Centium AI Partners With Long Run Labs on Largest Study of How AI Recommends Running Brands
Centium AI partnered with Long Run Labs on its largest study yet, 2,200 AI prompts across five models and 22 running categories, on how AI recommends running brands.
Centium AI partnered with Long Run Labs, the endurance-sports podcast and newsletter from operator Jonathan Levitt, to run the largest study the platform has produced and publish it as a joint report on how AI recommends running brands. The two ran 2,200 unaided prompts across the five major AI models, ChatGPT, Claude, Gemini, Perplexity, and Grok, covering 22 running categories, to measure which brands the models recommend on their own.
HydraPak, an early Centium AI customer, ranked No. 1 in the study's water bottles category at 71 percent, an example of a brand that owns its niche even as household names dominate the broad running questions. Image courtesy of HydraPak.
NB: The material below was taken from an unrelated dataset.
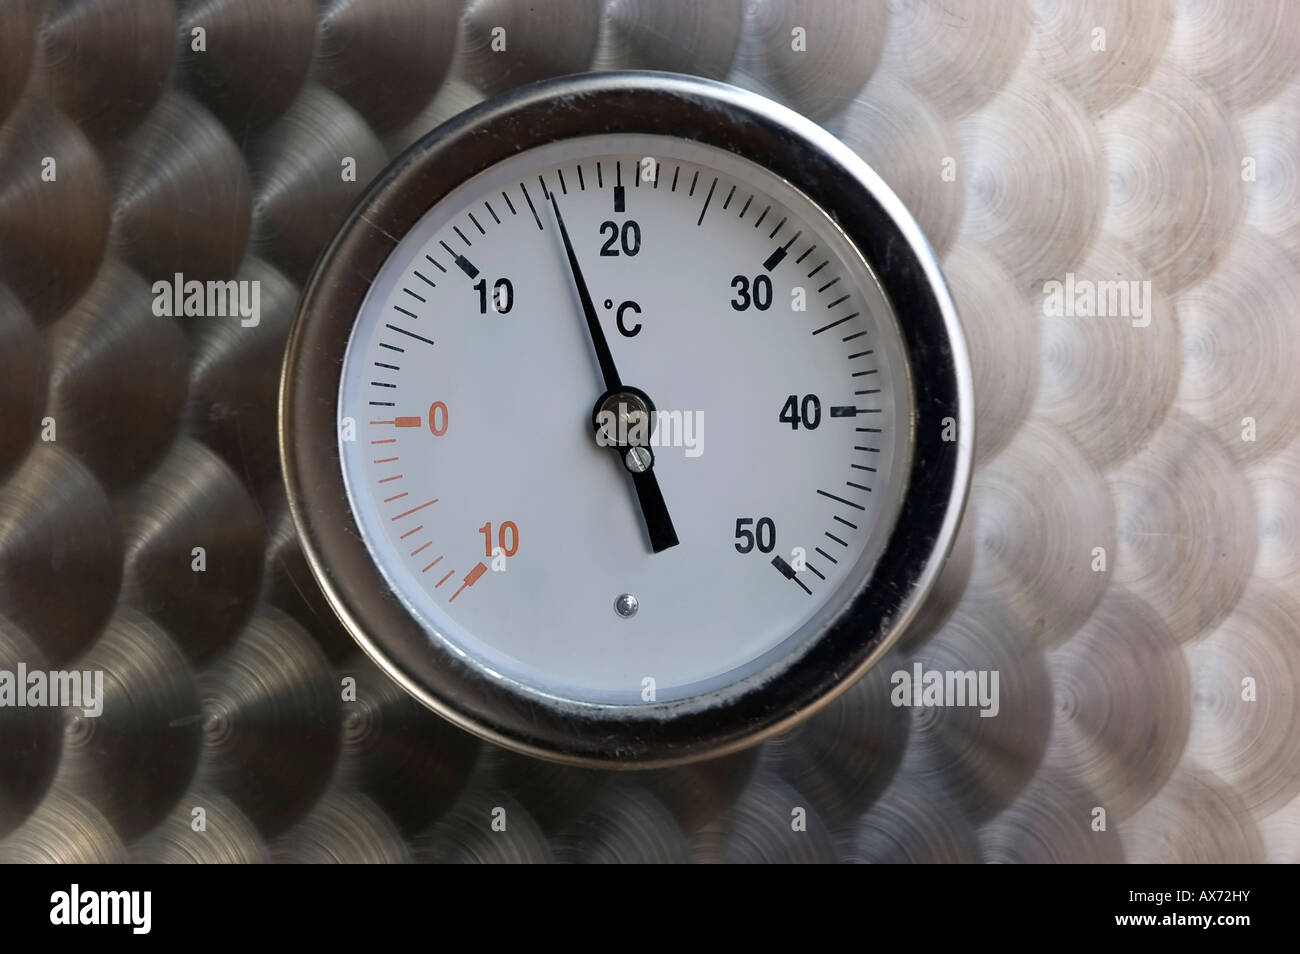 https://c8.alamy.com/comp/AX72HY/industrial-thermometer-in-a-steel-tank-for-wine-celsius-degree-AX72HY.jpg
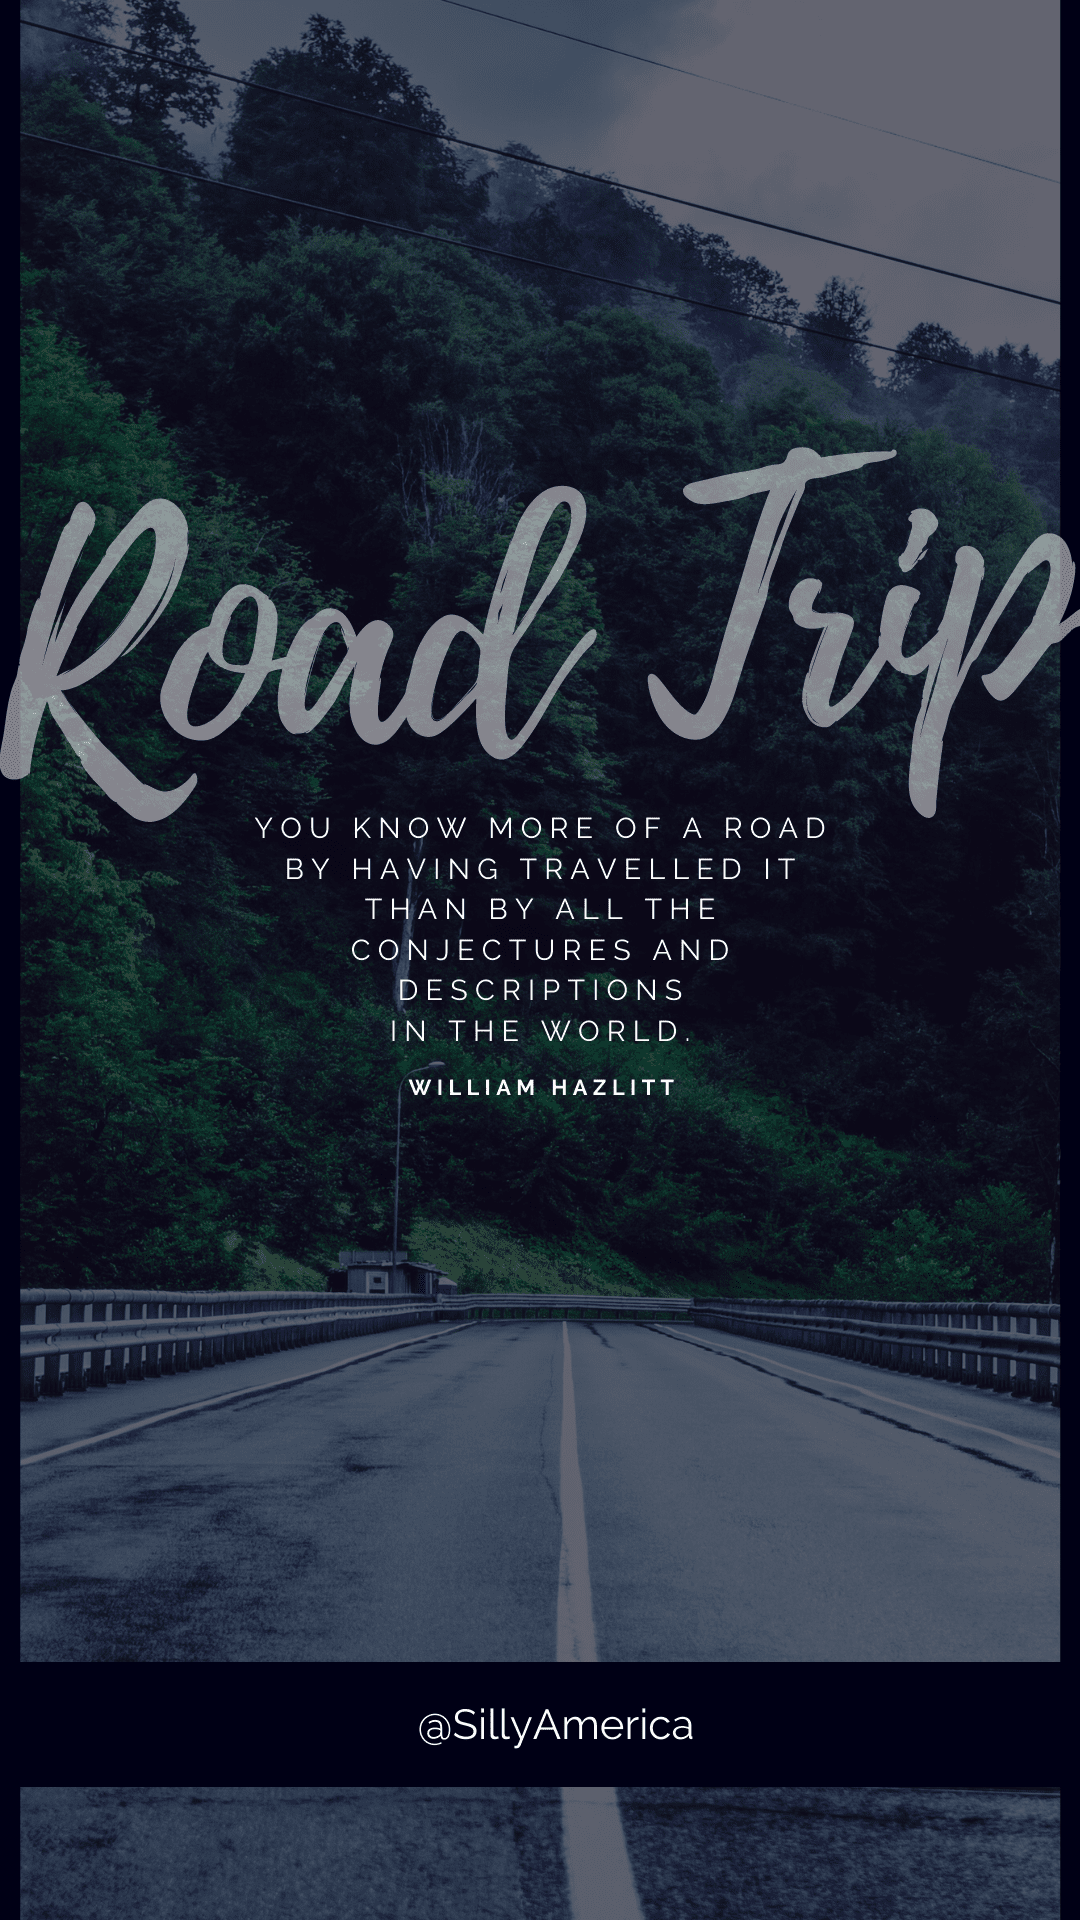 “You know more of a road by having travelled it than by all the conjectures and descriptions in the world.” William Hazlitt, On The Conduct of Life

Levitt and Centium AI Founder Michael Rueckert published their findings as "How AI Recommends Running Brands in 2026: The Largest Study Yet," a written report on Long Run Labs paired with a 90-minute podcast conversation, and the two plan to repeat the analysis roughly every six months. Centium AI prompts at the category level rather than naming brands, because AI models anchor to any brand mentioned in a question. To keep the results unbiased, the prompts went through the model APIs with no chat history and no location, asking open questions like the best running shoes or the best running headphones, then counting how often each brand surfaced. The run produced 16,990 citations from 2,558 domains and named 2,052 distinct brands.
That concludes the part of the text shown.